INFORMATION SUPPLIED >>
--- START ---
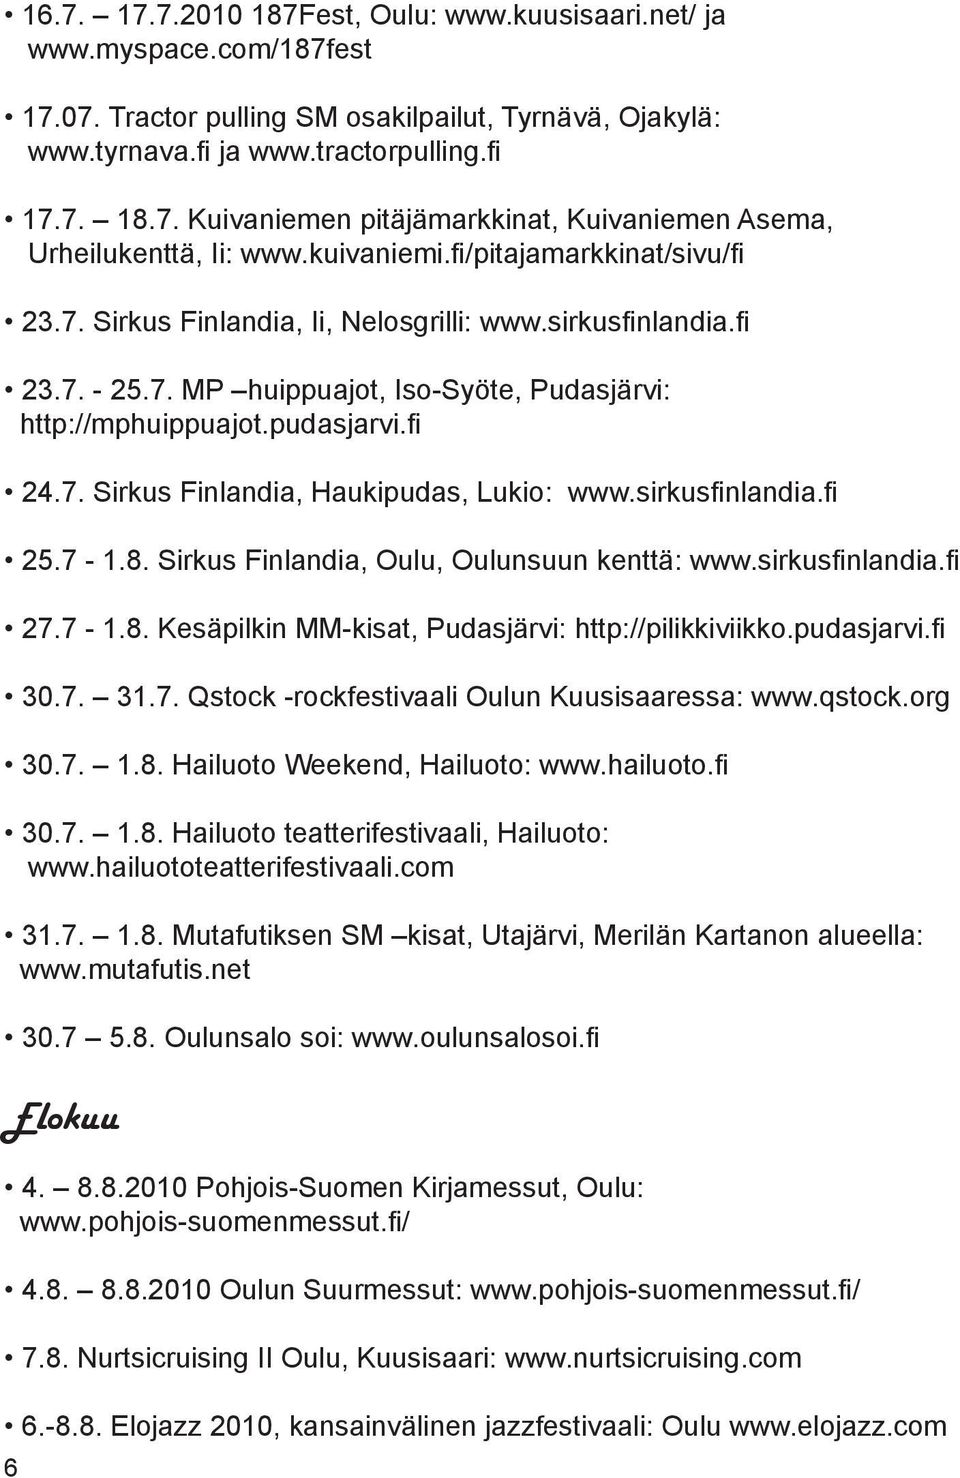 sirkusfinlandia.fi 25.7-1.8. Sirkus Finlandia, Oulu, Oulunsuun kenttä: www.sirkusfinlandia.fi 27.7-1.8. Kesäpilkin MM-kisat, Pudasjärvi: http://pilikkiviikko.pudasjarvi.fi 30.7. 31.7. Qstock -rockfestivaali Oulun Kuusisaaressa: www.
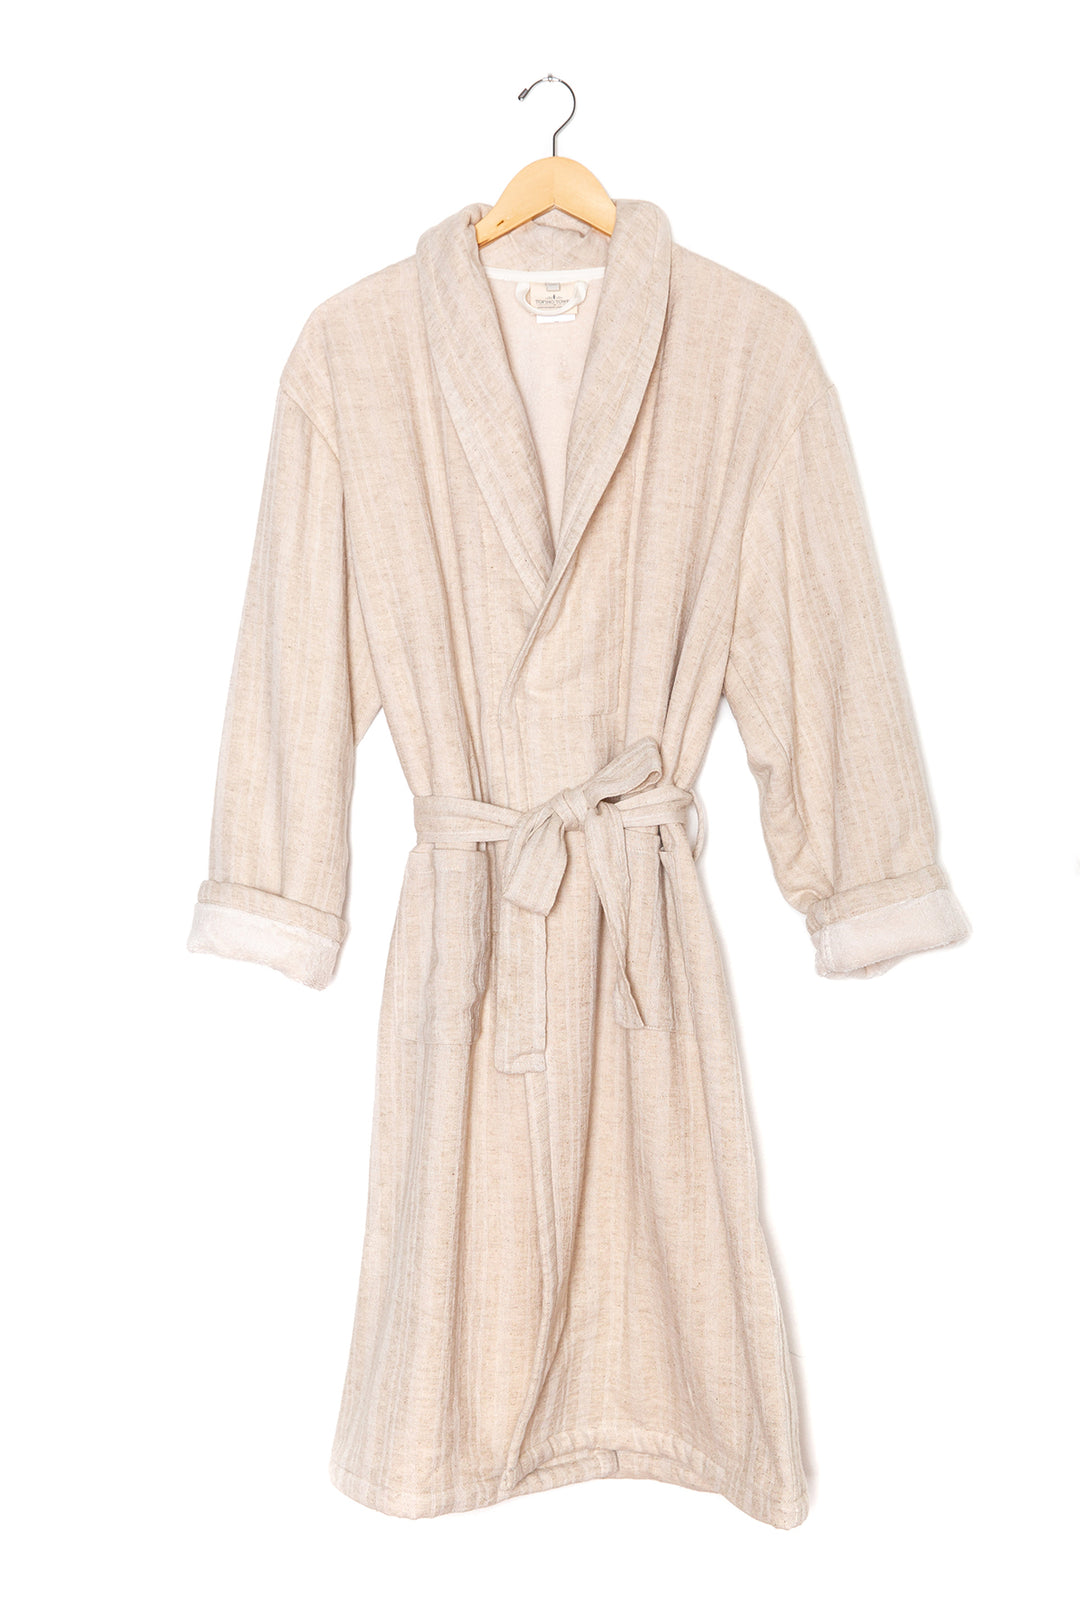 THE CELESTE <br> Luxe Terry Bath Robe
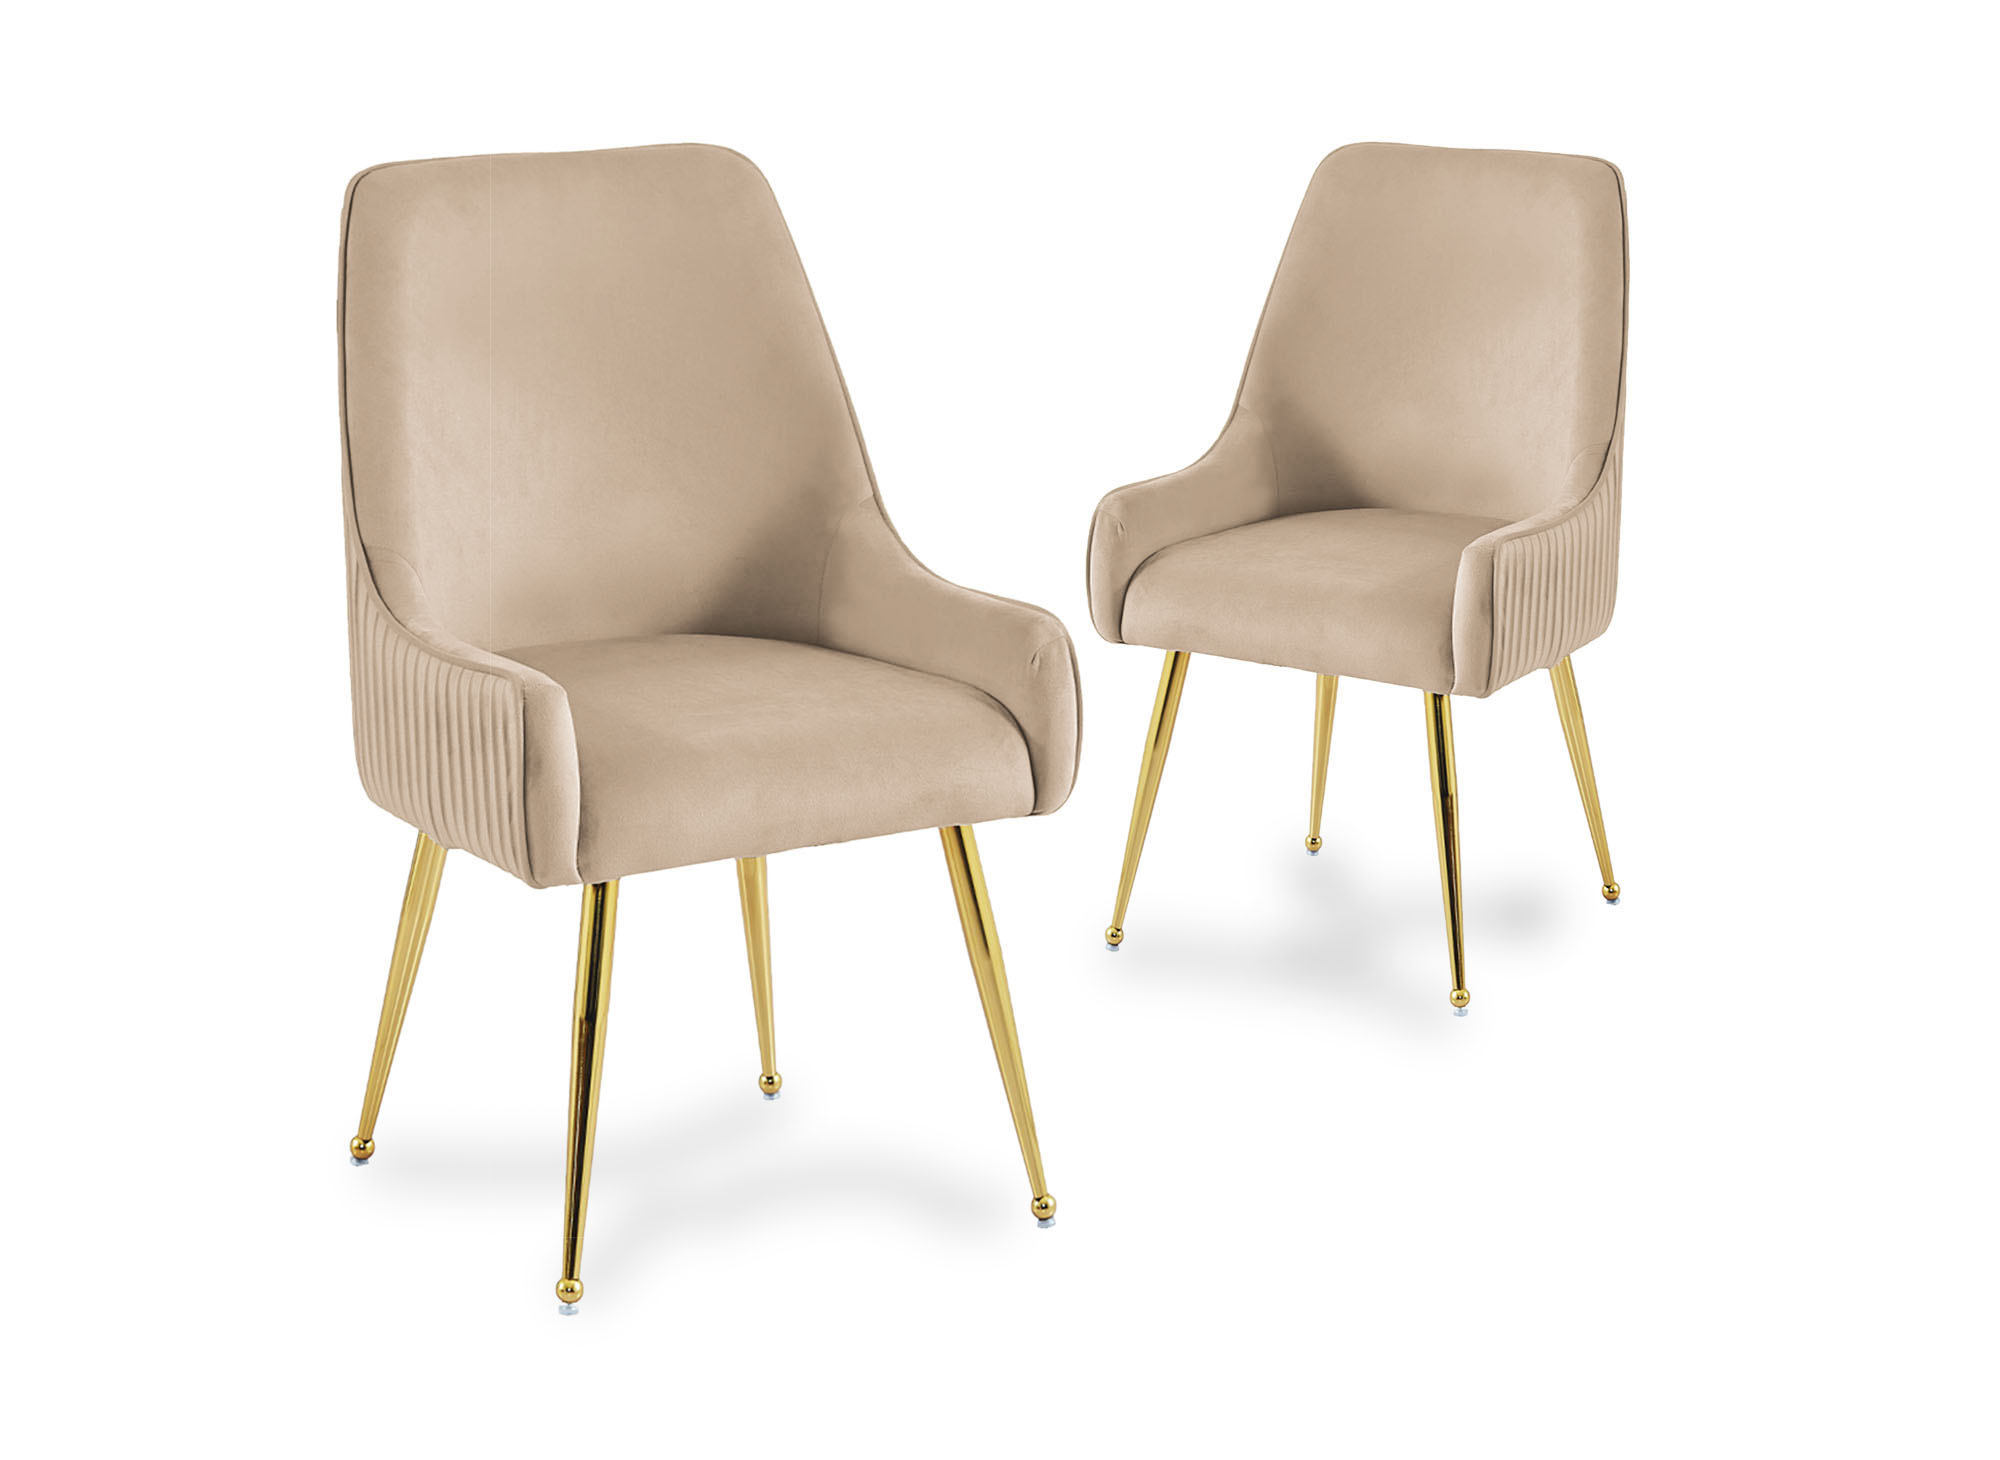 Meublissime | Lot de 2 chaises design velours beige et pieds dorés
--- END ---
DIRECTIONS >>
Omit the pictures, then set down all the remaining data exactly as given.

EXERCISE RESPONSE >>
 sirkusfinlandia.fi 25.7-1.8. Sirkus Finlandia, Oulu, Oulunsuun kenttä: www.sirkusfinlandia.fi 27.7-1.8. Kesäpilkin MM-kisat, Pudasjärvi: http://pilikkiviikko.pudasjarvi.fi 30.7. 31.7. Qstock -rockfestivaali Oulun Kuusisaaressa: www.
 THE CELESTE <br> Luxe Terry Bath Robe
 Meublissime | Lot de 2 chaises design velours beige et pieds dorés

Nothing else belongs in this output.